By ironic coincidence, the same year that Woody was filming
Mighty Aphrodite,
a Texas paroled convict (larceny, theft, and bail-jumping) claimed that he was Dylan’s birth father. The sixty-year-old man insisted that she was born to his common-law wife while both of them were in prison and given up for adoption without his consent. After letters to Mia threatening to "recapture" Dylan and promising "bloodshed" if she was not handed over, the parolee was arrested in Louisiana and returned to prison. Paroled again in 1997, he disabled an electronic monitoring device and disappeared, but not before making similar threatening phone calls to a Hartford newspaper. When asked to comment, Mia swore that Dylan was not the ex-con's child.

Mighty Aphrodite
brought Woody his twelfth Oscar nomination—tying Billy Wilder s record—for best original screenplay. He failed to win an Academy Award, but Mira Sorvino took home the supporting actress award for her portrayal of the hooker. Even with the Oscar, the picture bombed at the box office with a gross of $6.7 million, a plunge of $7 million from
Bullets over Broadway.

In 1996 the size of Woody s audience continued to melt. He had high hopes for
Everyone Says I Love You,
a retread of the memorable 1938 Kaufmann and Hart comedy
You Can’t Take It With You,
which he had adored as a boy when he fantasized about having a lovable, zany family just like the Sycamores in the play. Woody's fictional family were rich liberal Upper East Siders with the mother and father played by Goldie Hawn and Alan Alda. The sudsy musical comedy had a $20 million budget and less of a plot than an average McDonald's commercial.

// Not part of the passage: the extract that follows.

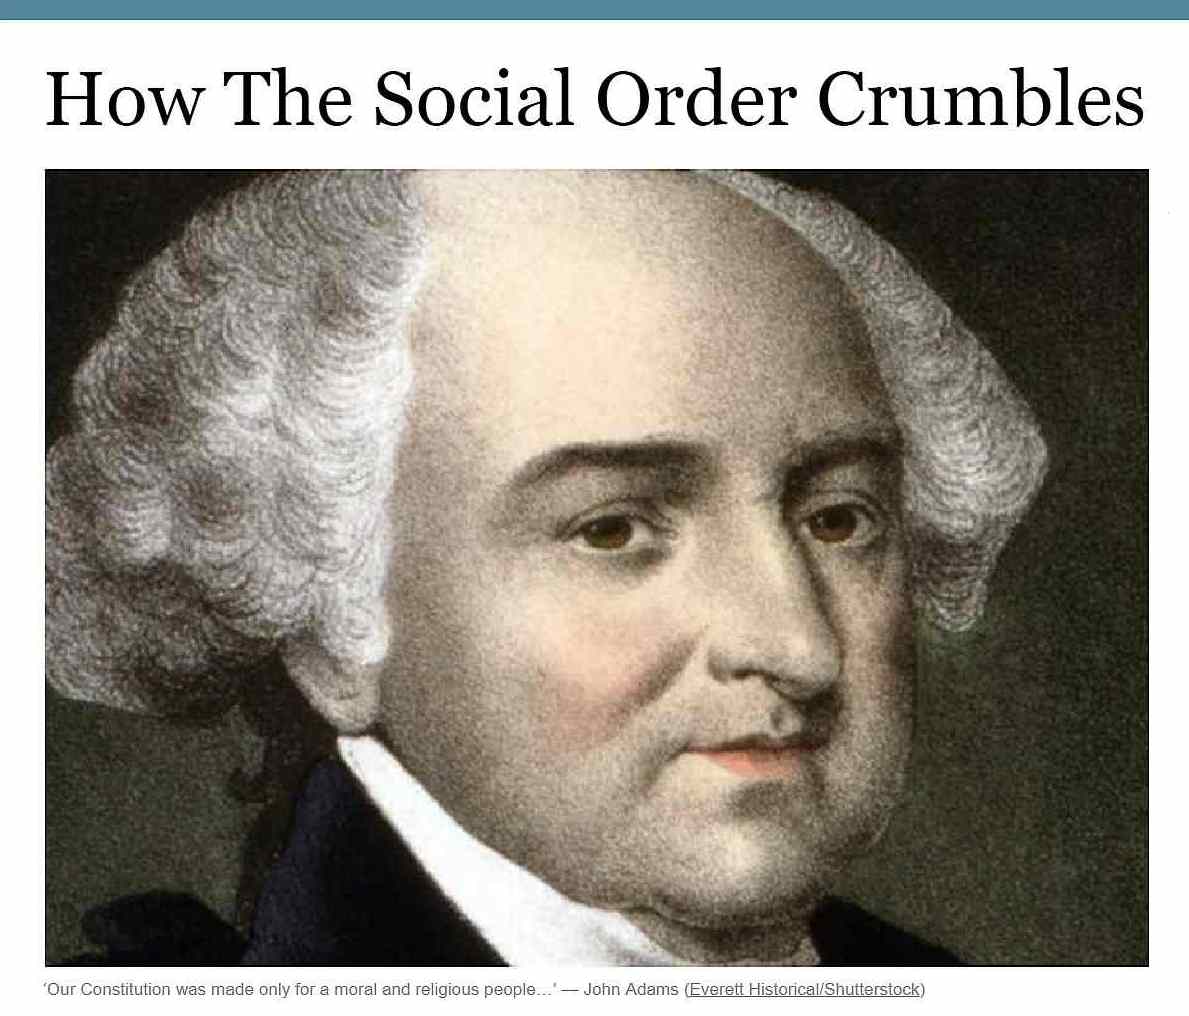 How The Social Order Crumbles

Stars without musical-comedy training were pressured to sing and dance, mostly without success except for Goldie Hawn. Making every effort to please his audience, Woody offered a smorgasbord of golden oldie tunes, attractive performers (including a cameo by Julia Roberts), and luscious picture-postcard photography in Paris and Venice. A number of critics were enchanted by the film. Roger Ebert, for one, predicted "it would take a heart of stone to resist this movie," an opinion that led to a skirmish on
Sneak Previews
when a disgusted Gene Siskel rated the movie two thumbs down. "He's not funny anymore," Siskel declared, and by the way, he added, when was Woody going to grow up?